Длинный стол, уставленный яствами и напитками, блики в чашках с чаем и кофе, мягкий свет, неясное сиянье, исходящее от окружающих предметов, равно как и приятное тепло - все располагало к откровенности; ссоры были попросту немыслимы в уютной кедровой гостиной; а что до тайн, то кто бы смог хранить их в атмосфере сердечного радушия, царившей в доме? Когда леди Макуорт поцеловала меня и сказала: "Как бы я хотела, чтобы ваш отец был здесь...", мне всем сердцем захотелось того же; ибо я чувствовала, что ничто на свете не смягчит его непреклонное сердце, кроме этого дома, уже осенившего нас своей рождественской благодатью.
- А где же Джудит? - спросил Джон. И тогда я начала вспоминать, что нахожусь здесь ради того, чтобы раскрыть необъяснимую тайну, и я вновь принялась гадать, не собственную ли кузину видела я тогда в дверях.
- Джудит сегодня вечером не появится, - сказала леди Макуорт. - Она утомилась. Сегодня она помогала нам раздавать милостыню. Это, знаете ли, наш старый обычай, дорогая, - сказала она, обернувшись ко мне. - Мы занимаемся этим с десяти утра до четырех вечера. Пиво, говядина, а для тех, кто родился или просто долго жил на замковых землях, - еще и деньги. Поскольку завтра сочельник, то у нас будет раздача одежды и постельного белья; и Джудит хотела заняться этим собственноручно. Нынче она добавила к обычным подаркам еще золотую монетку - десять шиллингов каждому малышу, родившемуся с прошлого Рождества. Я очень рада: она долгие годы жила как бы отделившись ото всех, точно во сне.

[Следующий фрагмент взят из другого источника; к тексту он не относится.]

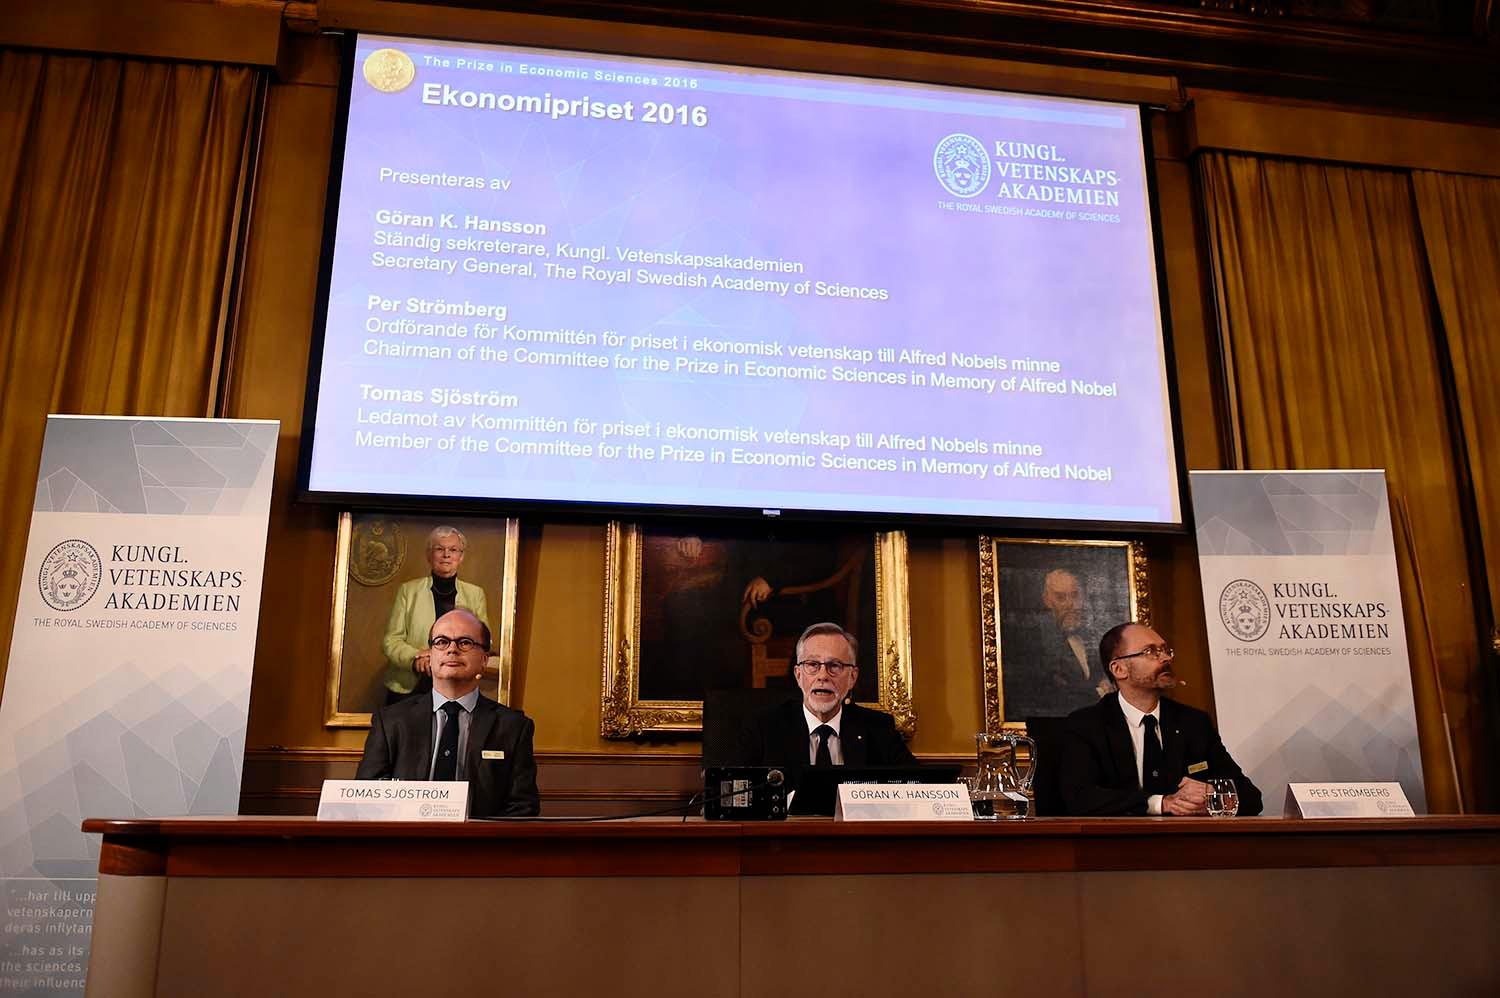 Oliver Hart och Bengt Holmström får årets ekonomipris till Alfred Nobels minne.

Говоря это, леди Макуорт помрачнела. Я внимательно посмотрела на нее. В правильных чертах ее лица, в чистоте и гладкости кожи угадывались следы ее девичьей красоты; но ее изрядно портило чрезвычайно строгое выражение лица, а также привычка хмуриться, как это случилось, например, сейчас, когда она заговорила о Джудит. Леди Макуорт была невелика ростом, сложения изящного, одета в черное шелковое платье, свободными складками ниспадавшее до пола. Ее волосы были совершенно седы, а поверх чепца надета вуалетка, вытканная необычайно искусно. Леди Макуорт была тонка в талии и держалась очень прямо, быть может, даже чересчур прямо. Сказав, что Джудит жила точно во сне, она нахмурила седые брови, и карие глаза ее остановились на мне с выражением какого-то неясного, мучительного вопроса.
Сейчас я не могу взять в толк, как осмелилась тогда ответить на этот взгляд словами:
- А не связано ли как-то состояние рассудка Джудит или ее здоровье с моим отцом, леди Макуорт?

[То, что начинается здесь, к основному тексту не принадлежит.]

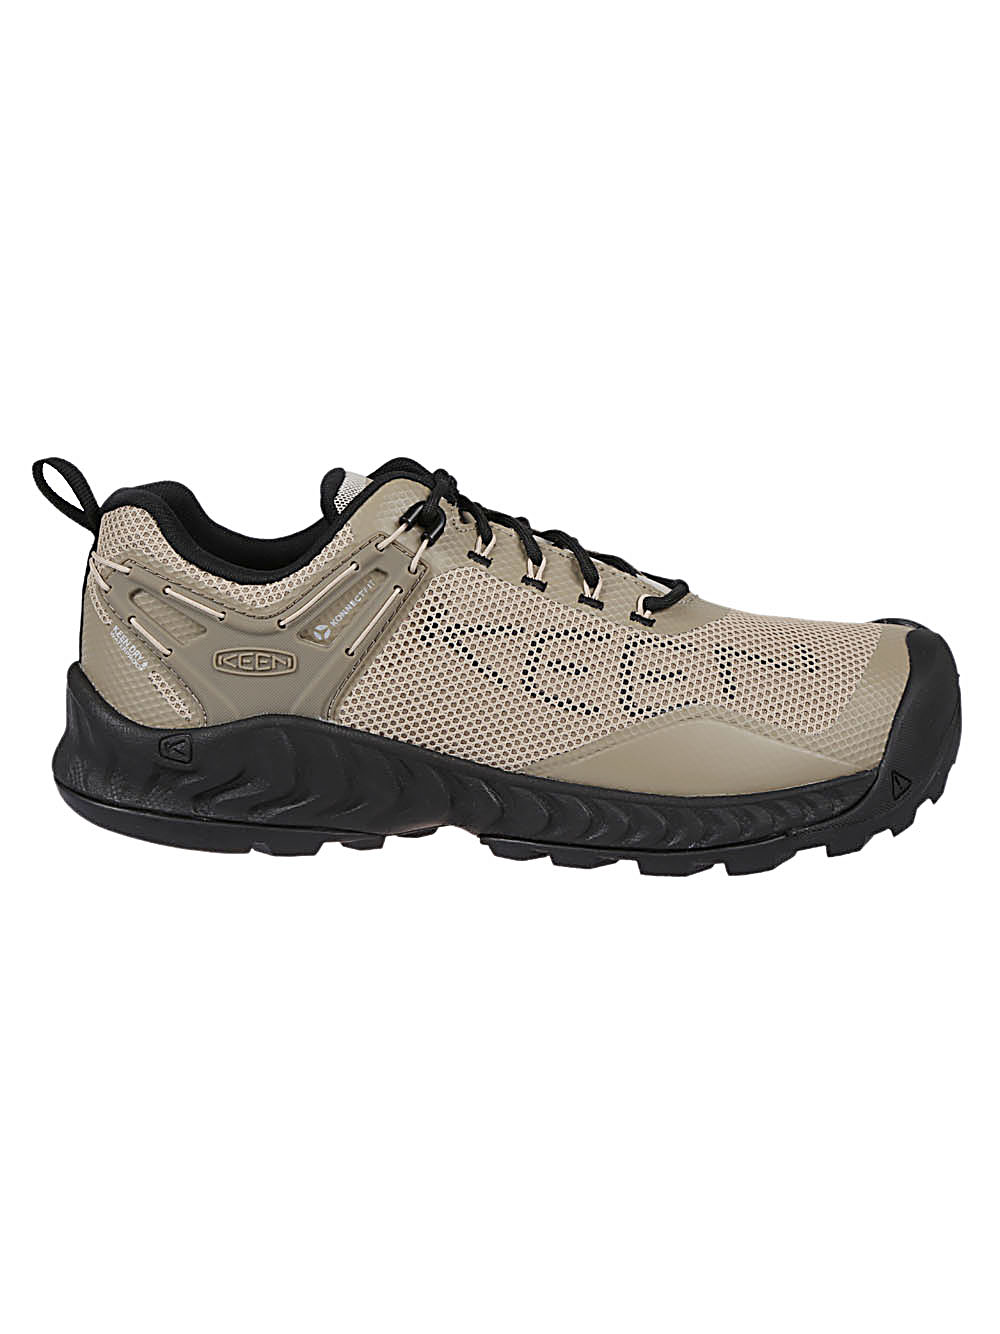 Keen KEEN- Nxis Evo Waterproof Sneakers

Она ответила вопросом на вопрос:
- А разве Роджер никогда не говорил о ней?
- Никогда, - ответила я. - И то, что он ни слова не говорил ни о ней, ни о вас, всегда задевало меня за живое.
- Вот как... - задумчиво произнесла она. - Молчание порой более красноречиво, нежели длительная беседа И с этими словами она направилась к столу.
Наступила тишина, затем она продолжила:
- Я не имею ни малейшего представления о том, что думает ваш отец. Мне известно только, как, уверена, известно и всем вам, что одно время Роджер очень сильно любил Джудит.
От изумления я выронила чайную ложку.
- Джудит! - воскликнула миссис Джеймс в крайнем недоумении, а Джон даже перестал резать паштет из дичи на боковом столе и подошел к нам с ножом в одной руке и с вилкой в другой, встав рядом с матерью; при этом лицо его выражало радостное удивление.
- Мы - как заинтригованные дети, - сказал он. - Однако не перебивайте нам аппетит, леди Макуорт, а лучше всего расскажите все подробно после чая.
Леди Макуорт посмотрела на него с улыбкой, какую обычно дарят милым непослушным детям; и мы приступили к трапезе, во время которой Джон развлекал нас веселым рассказом о своих беседах с пожилыми манчестерскими дельцами, которые обращались с ним, словно он был ребенком; время таким образом пролетело весело и незаметно.
Но мне, однако, не терпелось скорее встать из-за стола. Мысли мои были заняты теперь отцом. Как я стану к нему относиться после? Я почти не слушала Джона - меня занимали более серьезные вещи. Отец всегда был моим кумиром. Я прекрасно знала о его детстве и о том, сколь обильна трудами была его зрелость. Куда лучше я была знакома с этими страницами жизни отца, нежели с двухлетним периодом его пребывания в браке; но я, оказывается, даже не подозревала о существовании еще и другой стороны - о новых мирах любви и надежды, открывшихся для него; я и не предполагала, что он, выходит, снова мог вернуться в Колверли-Корт в качестве его хозяина об руку с любящей женой.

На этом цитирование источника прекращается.